Today, Yandex released a new neural network based search algorithm to better understand users’ intent and handle long-tail queries. The new algorithm is named after Korolyov, a Russian satellite town northeast of Moscow that has long served as the center of Russia’s space exploration.

Korolyov significantly improves upon its predecessor, Palekh, the neural network based algorithm Yandex released in late 2016.  Korolyov matches the meaning of a search query to all of the content of a web page, whereas Palekh only looked at headlines.  Yandex also applies Korolyov to a far greater number of the top relevant pages than Palekh – 200 000 vs 150 per search query.  Like all modern AI-based systems, Korolyov improves itself with the more data it gets from queries.  As the largest search engine in Russia, Yandex users are helping the algorithms to continuously provide a high-quality search experience.

How does Korolyov work?

  • To better understand users’ intent, the Yandex search team trained neural networks with information from billions of search queries and crawled pages which it reduced into numbers.
  • Korolyov creates a semantic map: it assessesthe proximity of the numbers that represent the meanings of words on web pages in its index and then matches those to the numbers that represent the search queries.
  • This algorithm then feeds into MatrixNet, Yandex’s proprietary machine learning ranking algorithm, which considers results from Korolyov and a number of other ranking factors before search results are returned to the user.

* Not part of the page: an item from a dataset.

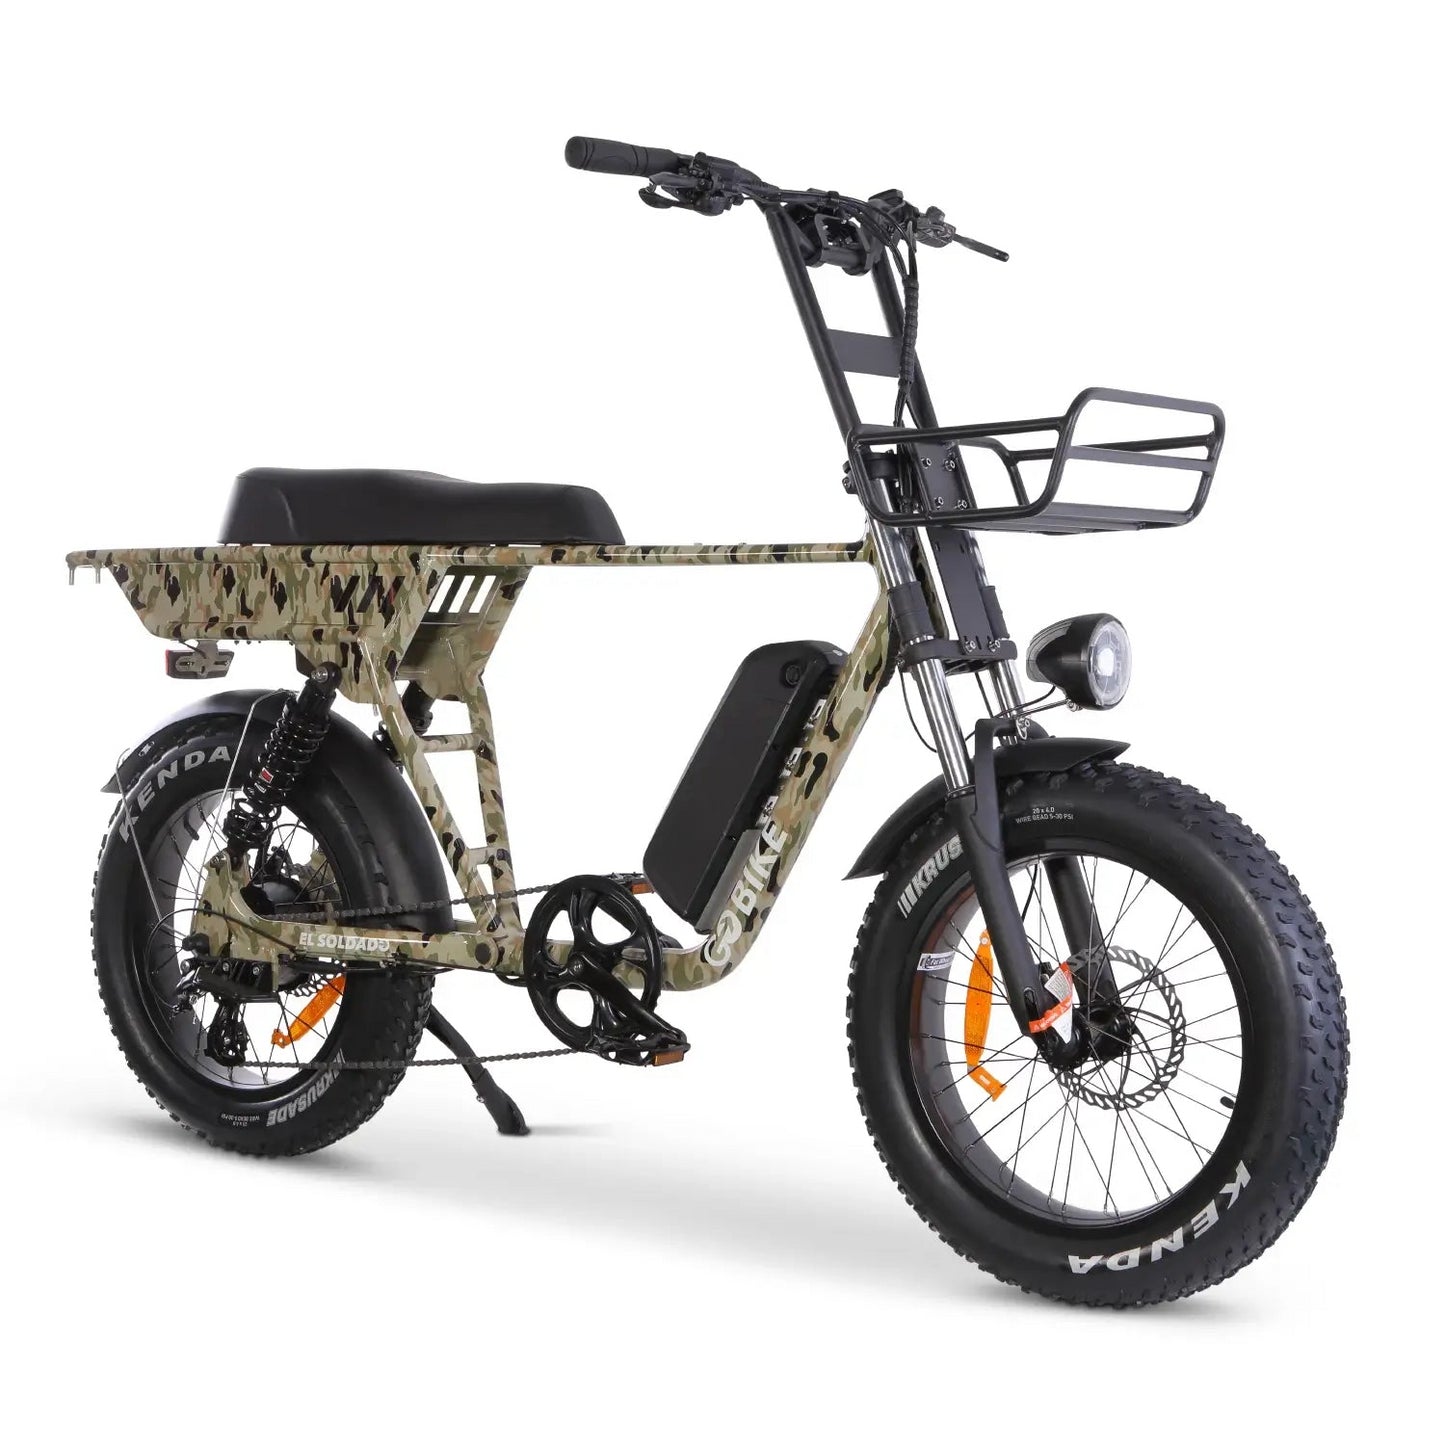 GOBIKE SOLDADO Lightweight Dual-Passenger Electric Bike-My Perfect Scooter
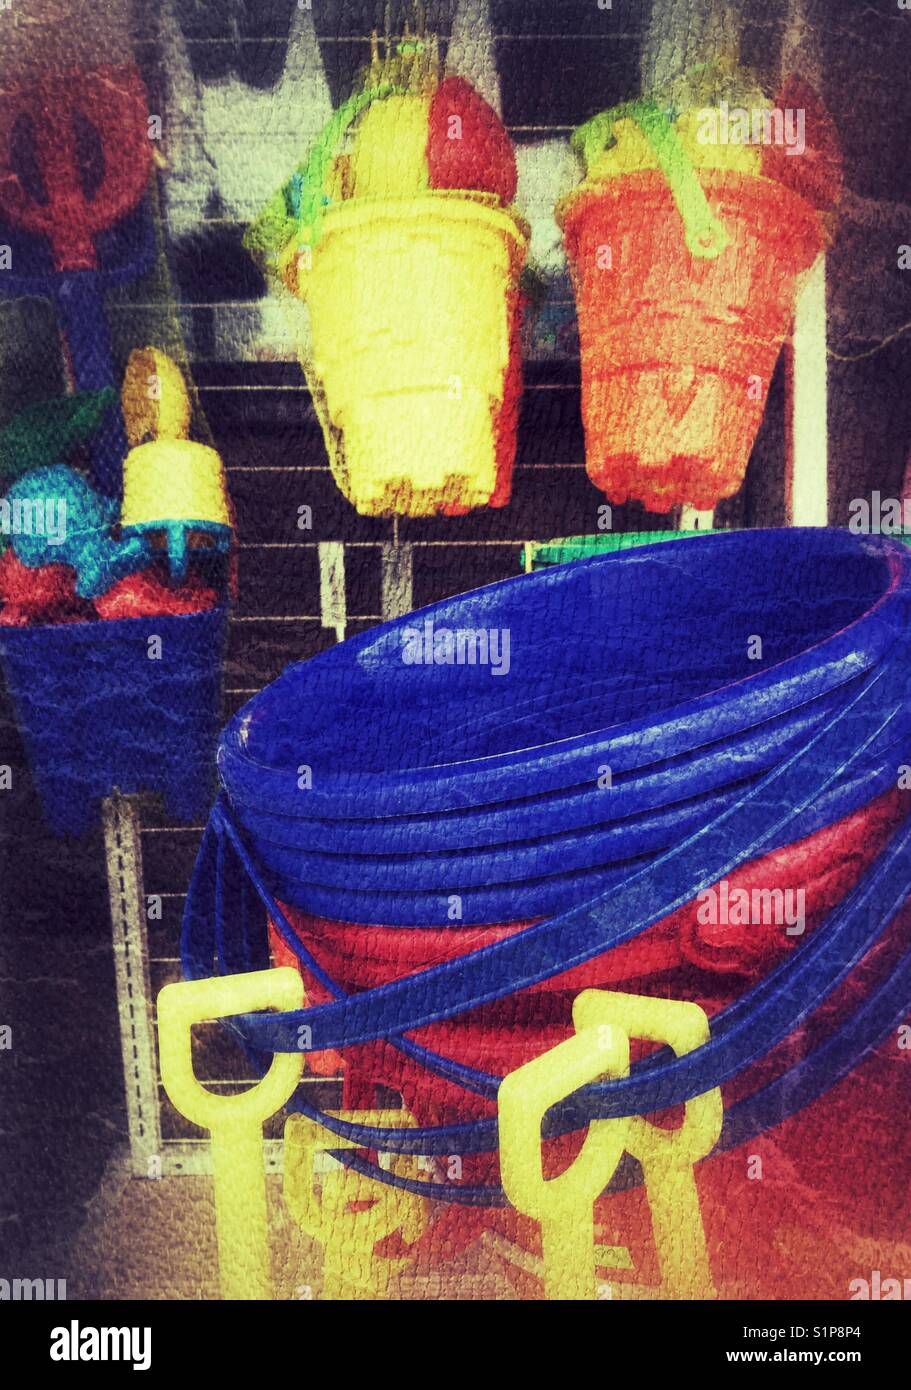 Colourful sand buckets. Stock Photo

How do Yandex users benefit from this new algorithm?

The algorithm is meant to better understand user intent and handle long-tail queries.  The search engine will have an improved understanding of what users mean, allowing it to process queries with missing information better. Here are a few examples: a few ingredients to a recipe the user doesn’t know the name of or a question on who proved that the Earth is round. The more searches the engine receives, the better it gets, as it learns every second from millions of searches.